Type-Enforcing Firewalls - Overview

The diagram below describes an example of an enclave (yellow circle) which contains three hosts (rectangles) protected by a fourth which is a DTE Firewall. The diagram also shows two external foreign hosts. All communication links are encrypted. The enclave's security policy specifies three domains, represented by the colors red, blue, and green. In the diagram, each host contains the colors of the domains it supports. The DTE hosts rely on their DTE kernels to support one or more domains. On the other hand, the non-DTE hosts cannot support any DTE mediation whatsoever. When the DTE Firewall deals with processes from these hosts, it assigns each a domain. In this example, the DTE Firewall assigns the green domain to all the processes on both of the diagram's non-DTE hosts.

The enclave's security policy specifies how processes running in different domains are allowed to interact (if at all). The policy displayed here prevents interaction. Thus, the DTE Firewall ensures that green domain processes on one side of the security perimeter may only interact with green domain processes on the other side, and blue domain process may only interact with blue domain processes. The firewall itself only supports the blue and green domains, so it never passes messages from red domain processes through the security perimeter.

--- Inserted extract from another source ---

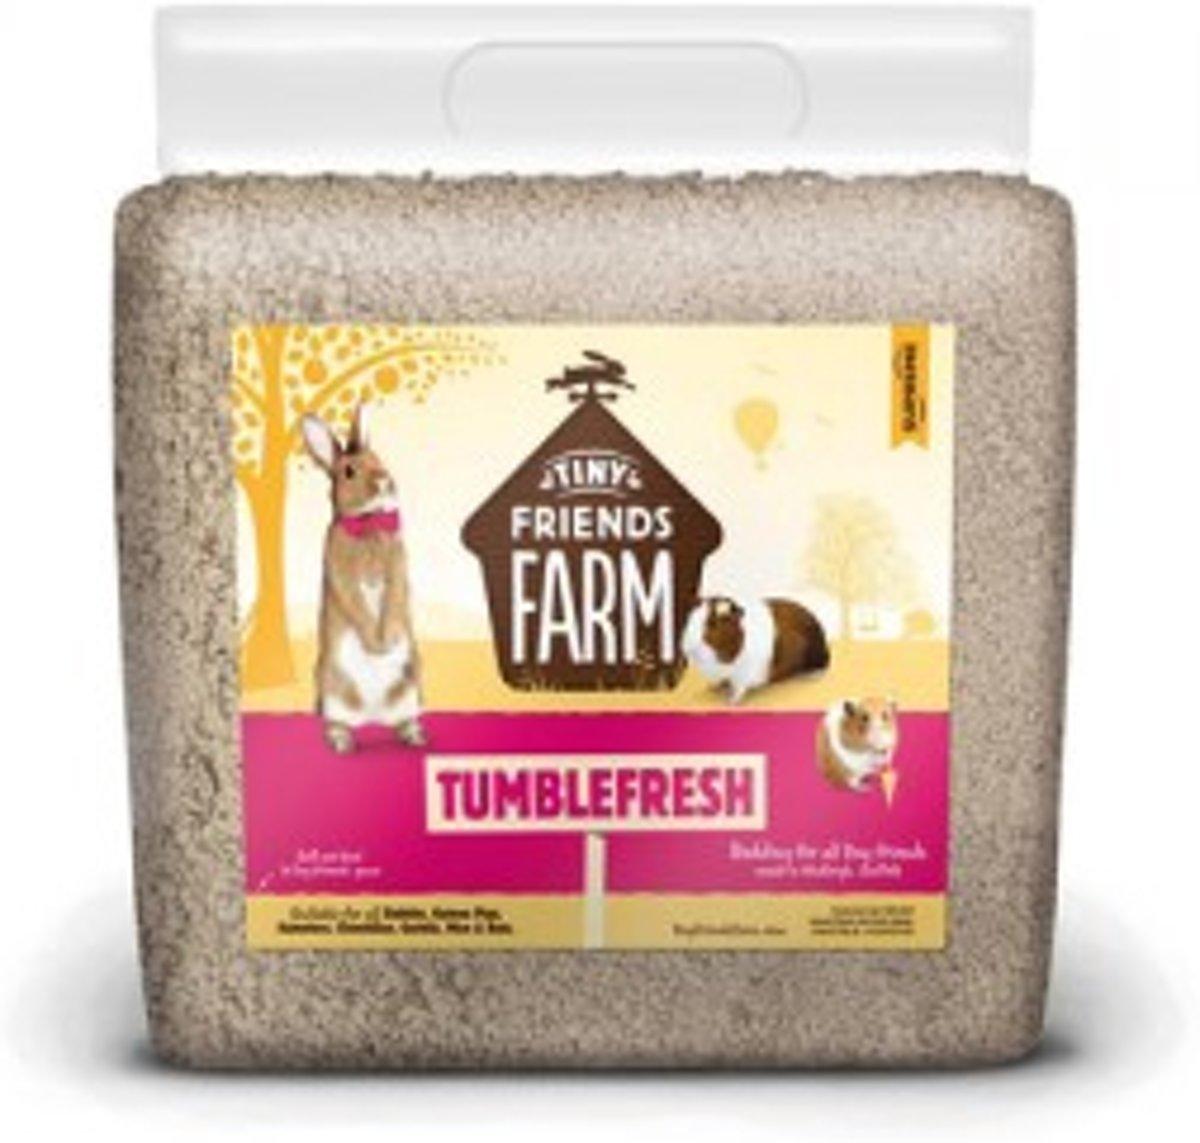 Supreme Tiny Friends Farm - Tumblefresh 17 l

By associating domains with foreign non-DTE hosts, DTE Firewalls are able to extend limited trust relationships to hosts outside of their security perimeters. Similarly, two organizations with DTE hosts may agree upon a number of common domains, in order to enable a partnership with limited resource sharing. Neither of these arrangements are possible with traditional firewalls.

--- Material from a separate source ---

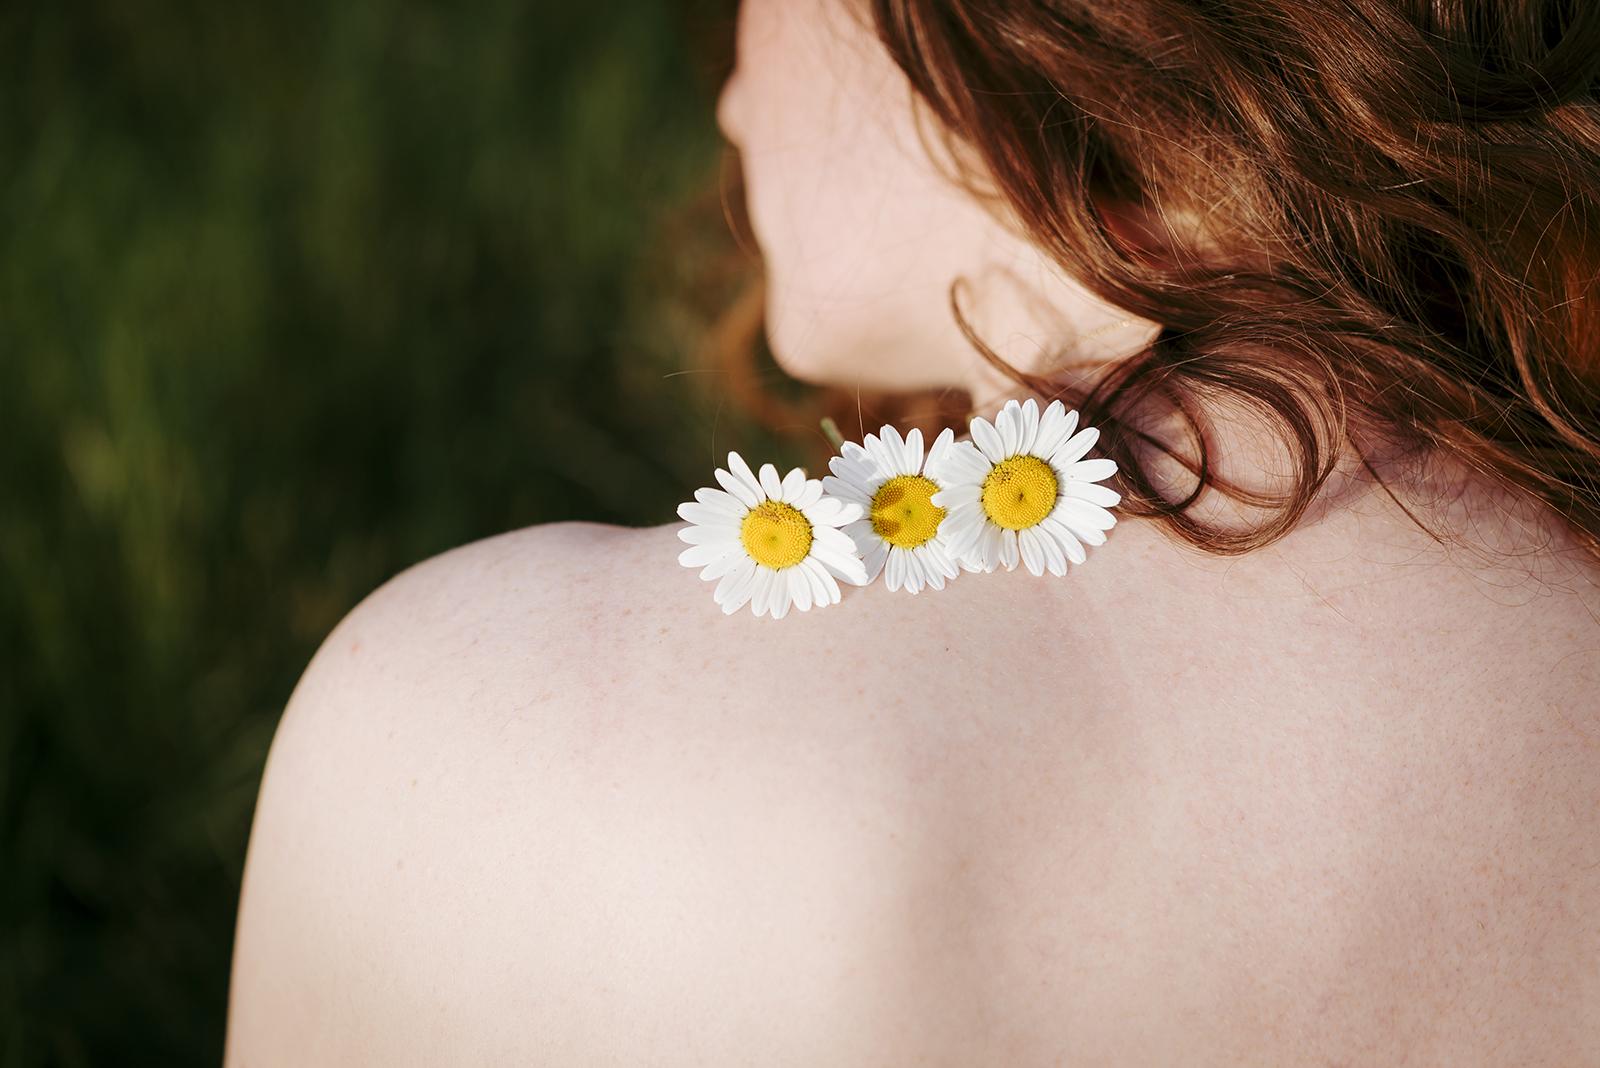 fleur epaule de femme nue

When different DTE enclaves wish to communicate, a common security policy segment, or module, must be present or must be introduced into the DTE firewalls and DTE hosts involved. This research is extending DTE to support dynamic policy module loading. The policy-loading process initially will be a manual process; however, the final goal is to provide a Domain and Type Authority service (similar to DNS) that serves registered common policy modules to the DTE firewalls, which then coordinate the communication between the DTE hosts they protect.